*** Block opens ***

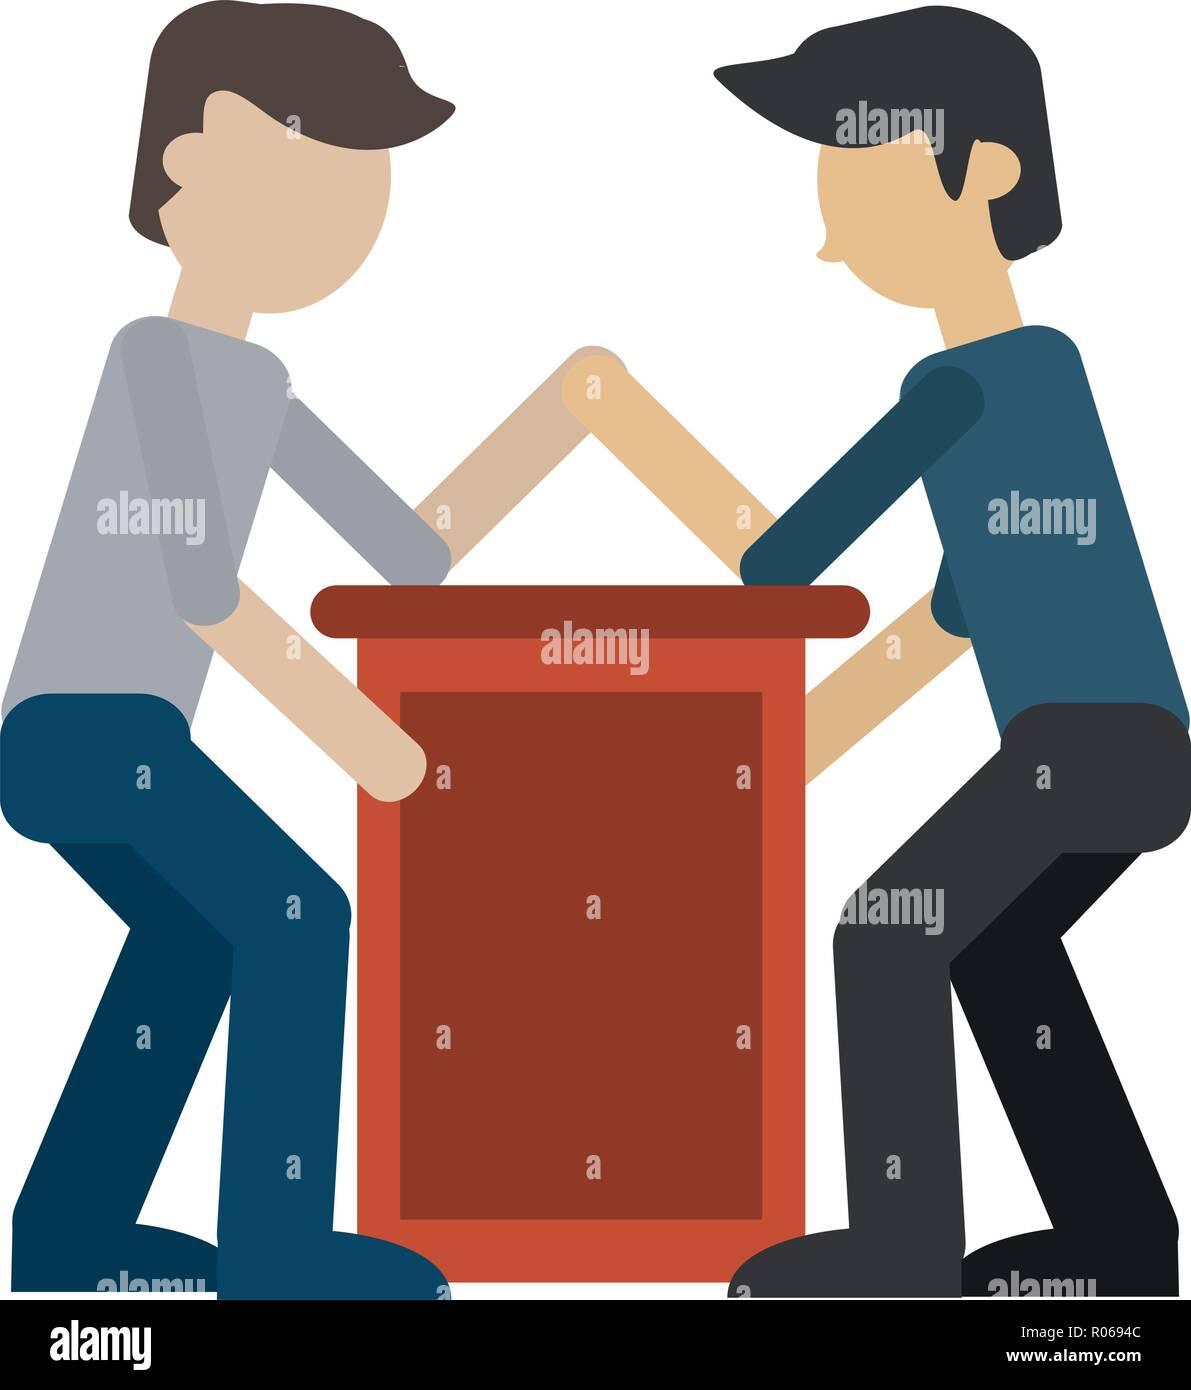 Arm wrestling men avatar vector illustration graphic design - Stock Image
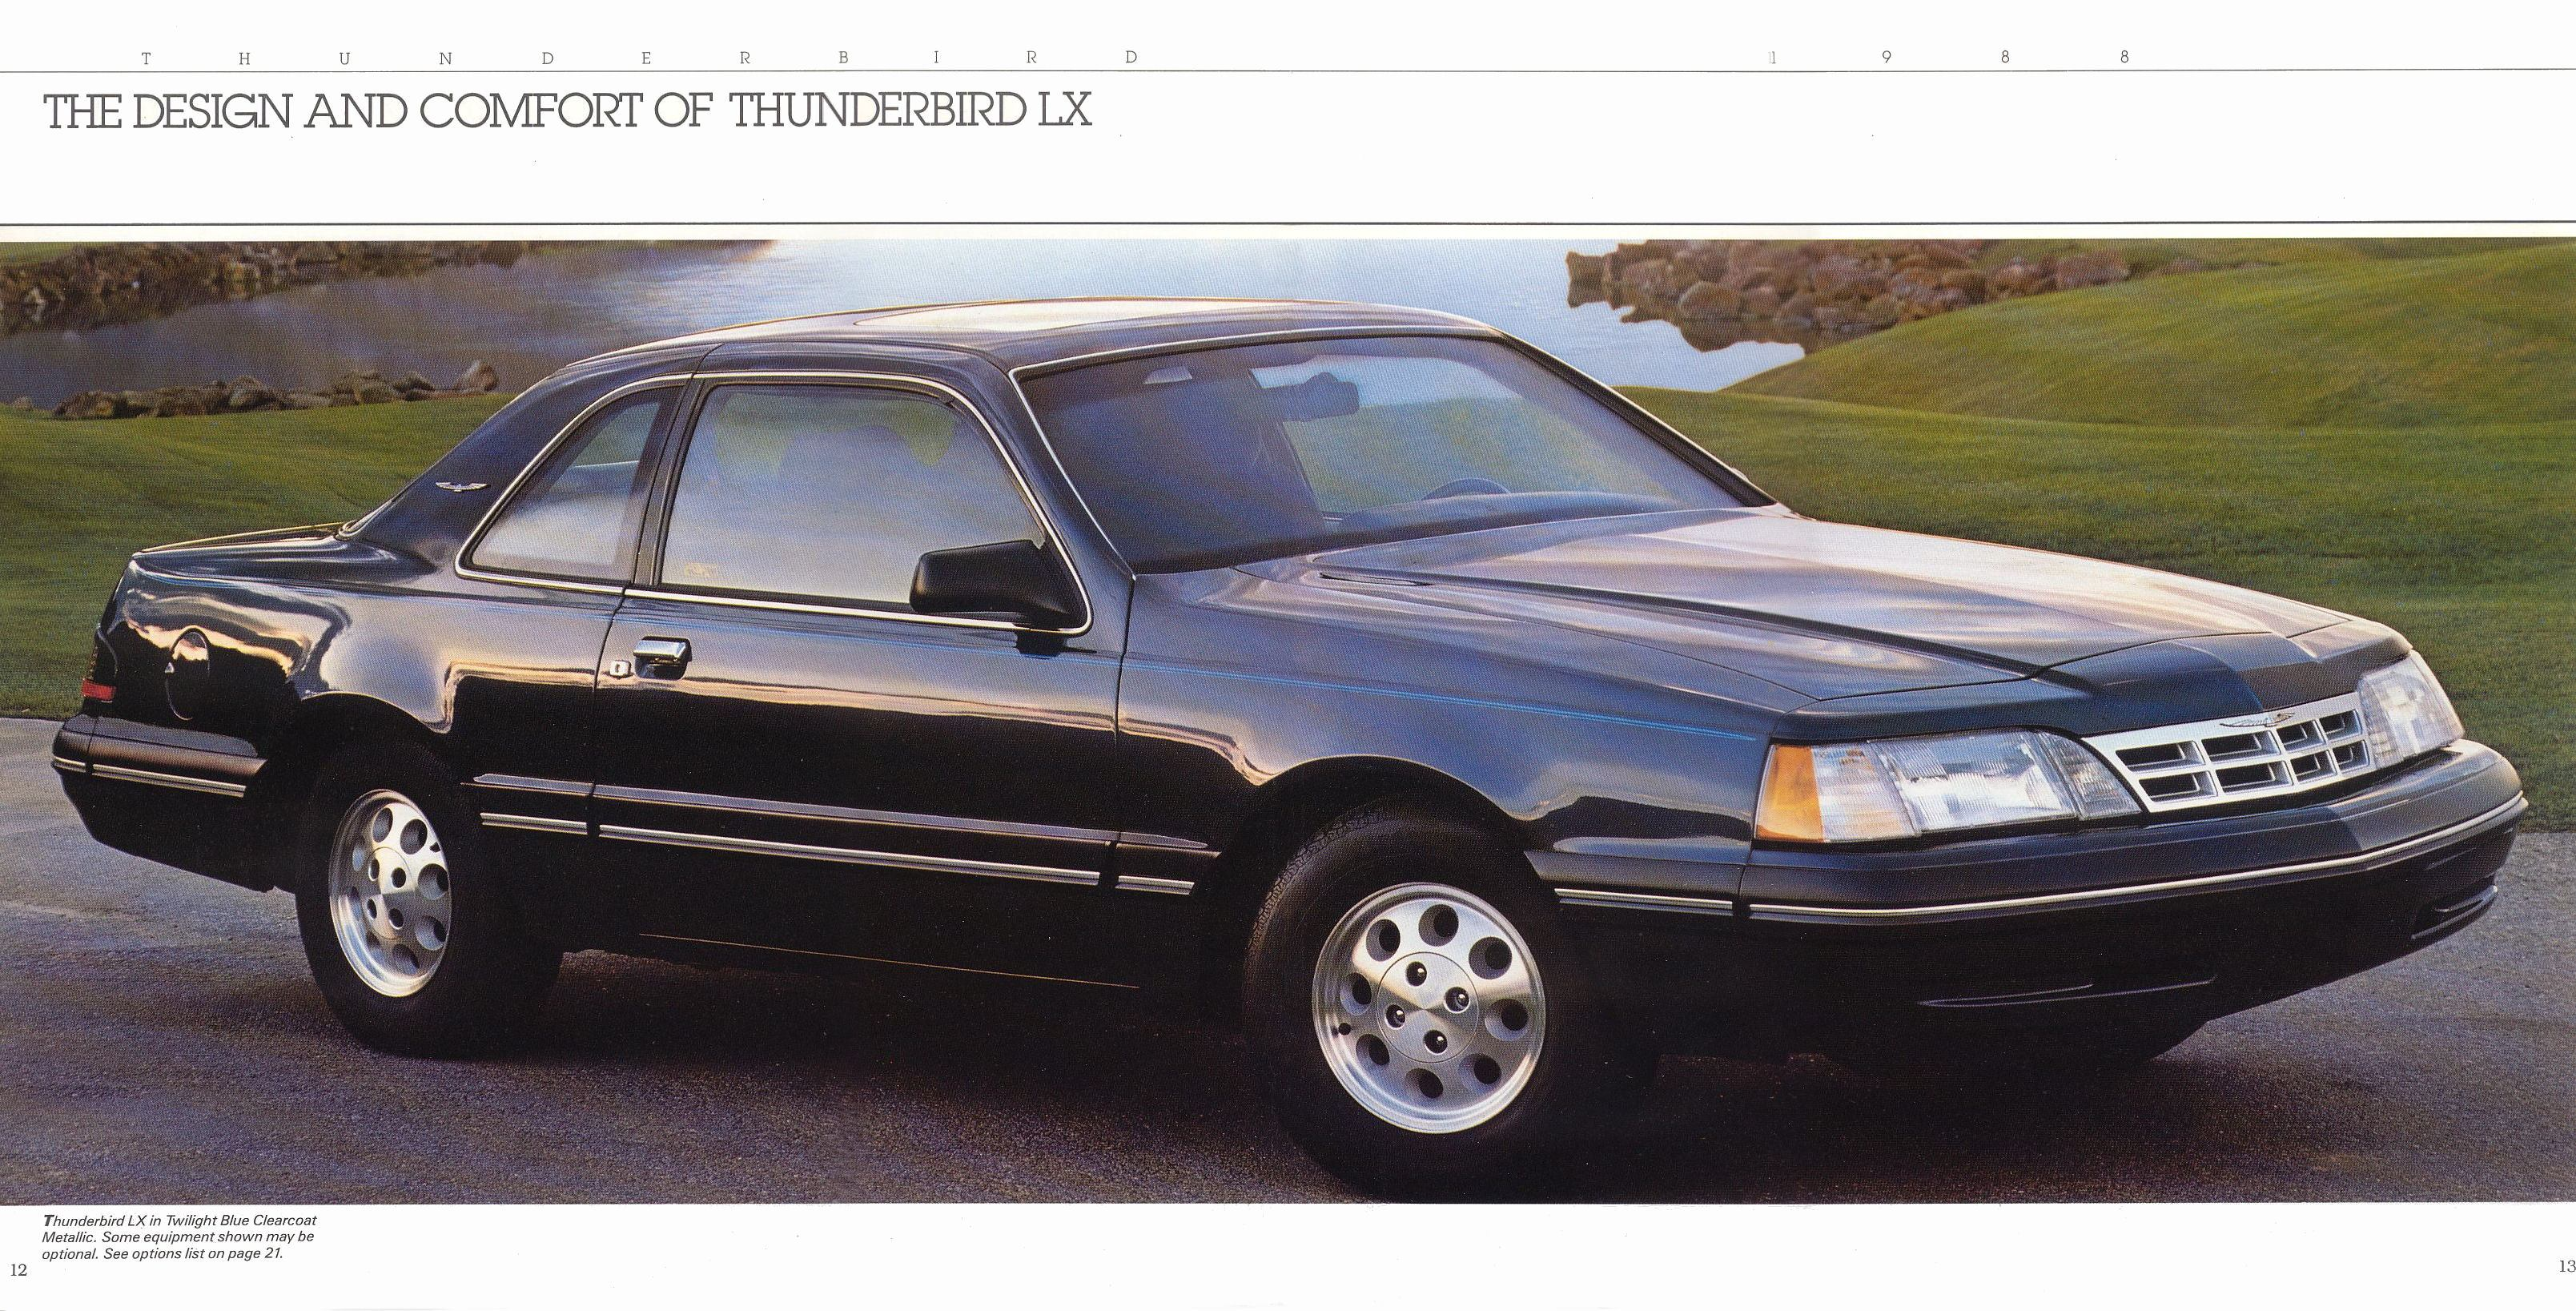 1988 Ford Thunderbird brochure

*** Block closes ***
*** Block opens ***

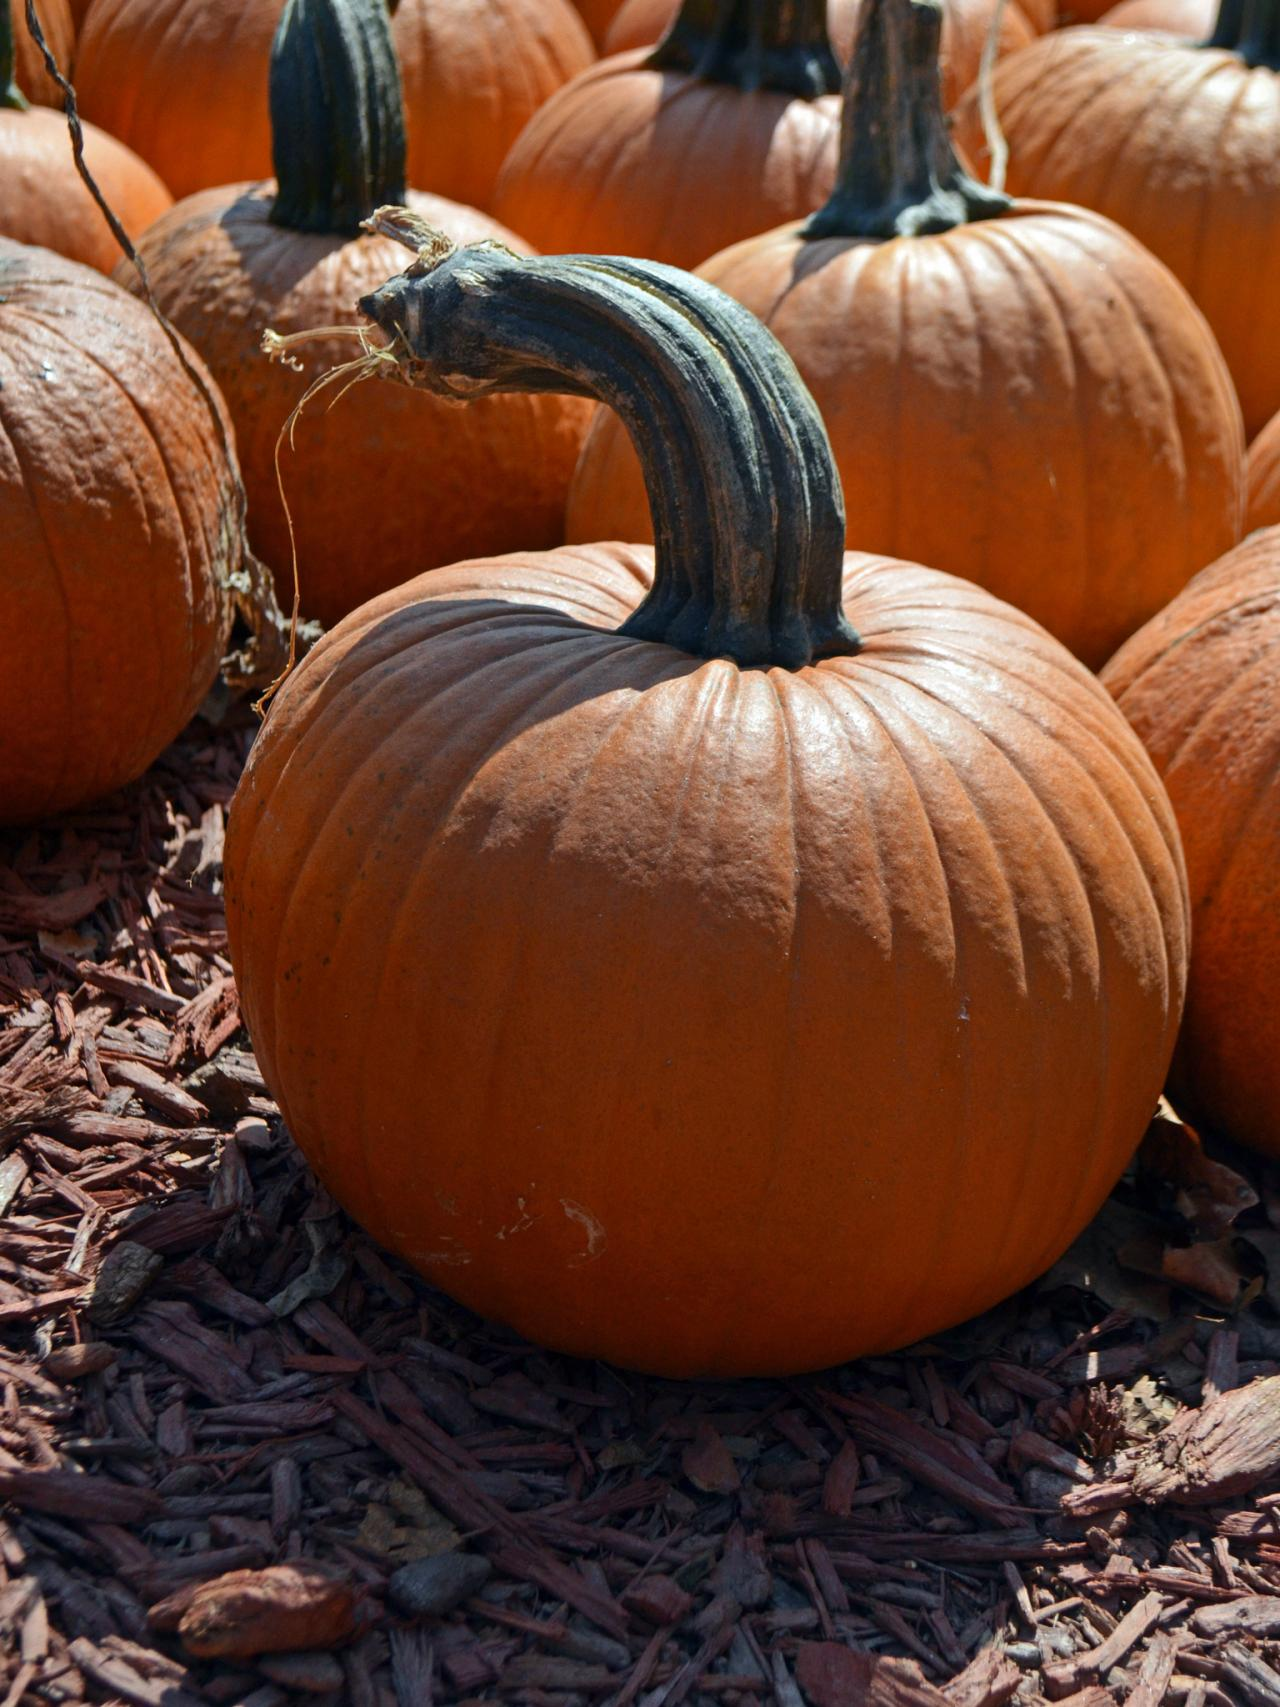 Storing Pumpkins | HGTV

*** Block closes ***

Exercise requirements:
Your output should be the lines above from the one that contains "Arm wrestling men" through the one that contains "1988 Ford Thunderbird brochure", word for word, with pictures left out.

Solution for this task:
 Arm wrestling men avatar vector illustration graphic design - Stock Image
 1988 Ford Thunderbird brochure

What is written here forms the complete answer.